L’investissement immobilier, en location nue, permet de générer des revenus complémentaires mais est aussi sujet à des charges récurrentes comme ponctuels.

C’est le résultat net (revenus-charges) qui viendra s’ajouter à votre base imposable au titre de l’impôt sur le revenu.

Au régime réel, vous pourrez donc déduire l’ensemble de vos charges réellement payées, attention toutefois, toutes les charges n’étant pas déductibles.

Conditions de déductibilité

-La charge payée doit concerner un bien générateur de revenus fonciers, cela exclu donc les travaux sur résidence principale et les logements vacants.

-Pour être déclarée et déduite en année N, il faut que la dépense soit réellement acquittée en année N. La date de la facture ne fait pas foi.

-Il faut amener la preuve de la charge (factures…)

Les charges déductibles sont :

-Les intérêts d’emprunt : En cas de crédit, la partie des mensualités correspondantes à des intérêts sont entièrement déductibles.

-Les travaux d’entretien, de réparation ou encore d’amélioration du bien. Les travaux d’agrandissement sont exclus par nature.

-Les dépenses acquittés par le propriétaire à la charge du locataire : En cas de non-remboursement de ces charges par le locataire, elles peuvent être déduites de vos revenus fonciers.

-Les dépenses de gestion : Gestion locative, concierge, procédure etc…

-Les primes d’assurance : Assurance emprunteur, propriétaire non occupant, garantie de loyer impayé etc…

-Diverses taxes : Taxe foncière, taxe sur les stationnements …

Une fois le mécanisme compris, on peut revenir à notre sujet principal.

Le déficit foncier

Quand les charges déductibles dépassent les revenus déclarés, notre résultat est négatif et génère ce que l’on appelle, un déficit foncier.

Ce dernier est un outil fiscal important dans la gestion de votre imposition.
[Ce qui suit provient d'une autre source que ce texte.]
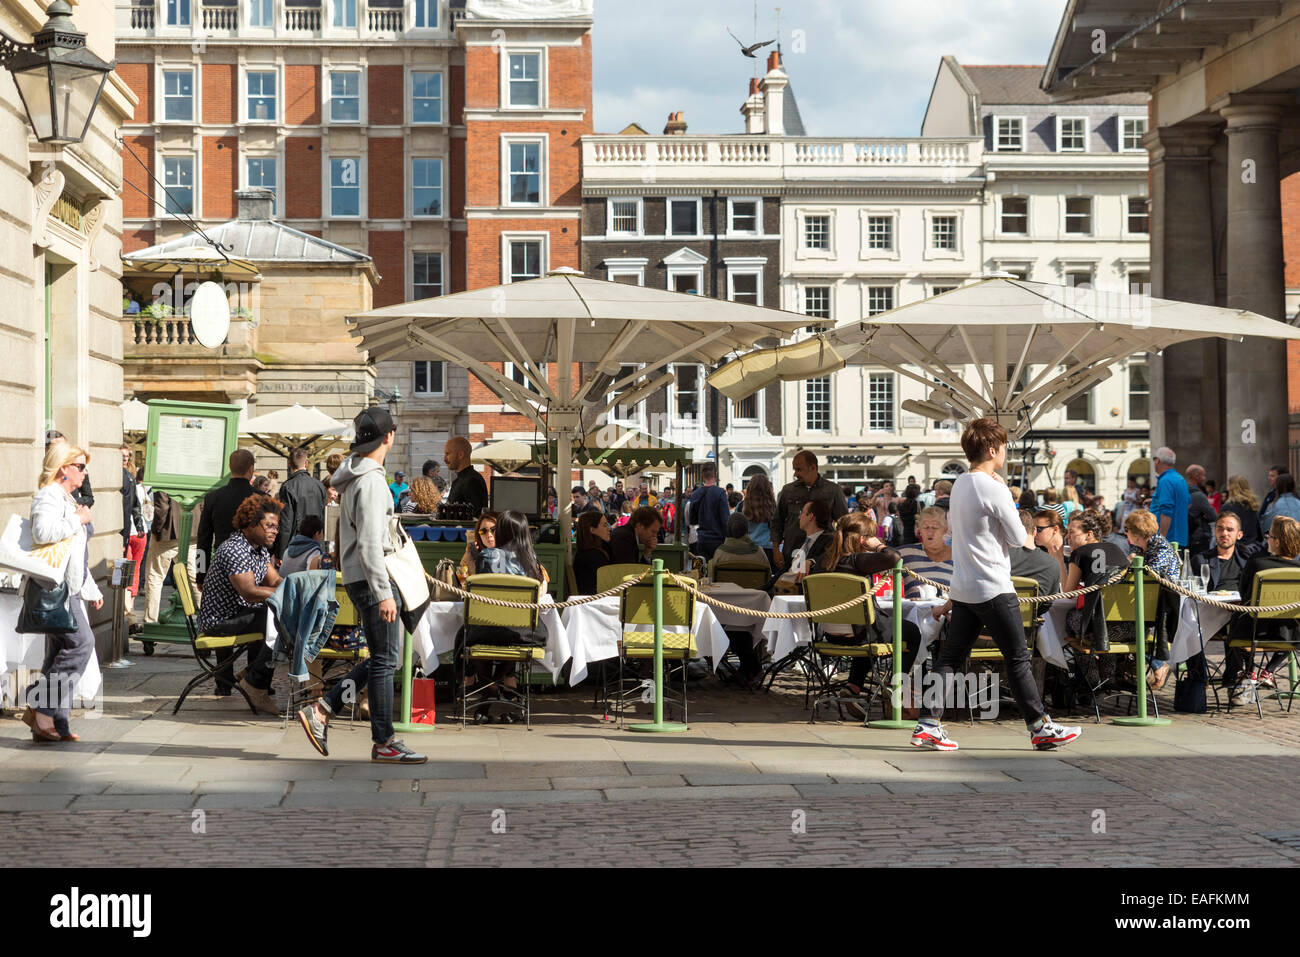 LONDON, UNITED KINGDOM - JUNE 5,  2014: People having lunch at Covent Garden, London. The outer side offers small restaurants fo Stock Photo

En effet, un déficit foncier peut permettre de déduire jusqu’à 10.700€/an sur votre revenu global. Au-delà, le déficit est reporté pour une durée de 10 ans et pourra être imputé sur les revenus des années ultérieures.

N.B : Les intérêts d’emprunt sont imputés en premier sur les revenus fonciers et ne peuvent pas générer de déduction sur le revenu global au titre d’un déficit. 

Concrètement, dans le cas où les intérêts d’emprunts sont à eux seuls, supérieurs aux revenus fonciers, cela amènera un résultat fiscal nul.

Exemple

Revenus professionnels : 40.000€

Revenus fonciers déclarés : 10.000€

Intérêts d’emprunt : 3.000€

Primes d’assurance : 500€

Travaux : 20.000€

Résultat foncier : -13.500€

On impute ce résultat négatif sur les autres revenus dans la limite de 10.700€ par an.

Revenu imposable : 40.000€ – 10.700€

Soit 29.300€

Les 2.800€ restant (13.500€-10.700€) seront reportables pendant 10 ans.

Attention, en cas de déduction d’un déficit sur le revenu global, cet avantage ne sera réellement acquis que si le bien est détenu et loué pendant 3 ans. En cas de cession ou de changement de régime pendant cette période, l’avantage fiscal pourrait être remis en cause.

L’acquisition de biens avec travaux peut donc permettre d’optimiser vos revenus fonciers ainsi que votre revenu global pour diminuer votre imposition. Des investissements immobiliers destinés à produire des déficits dans les premières années existent tels que les SCPI Déficit Foncier.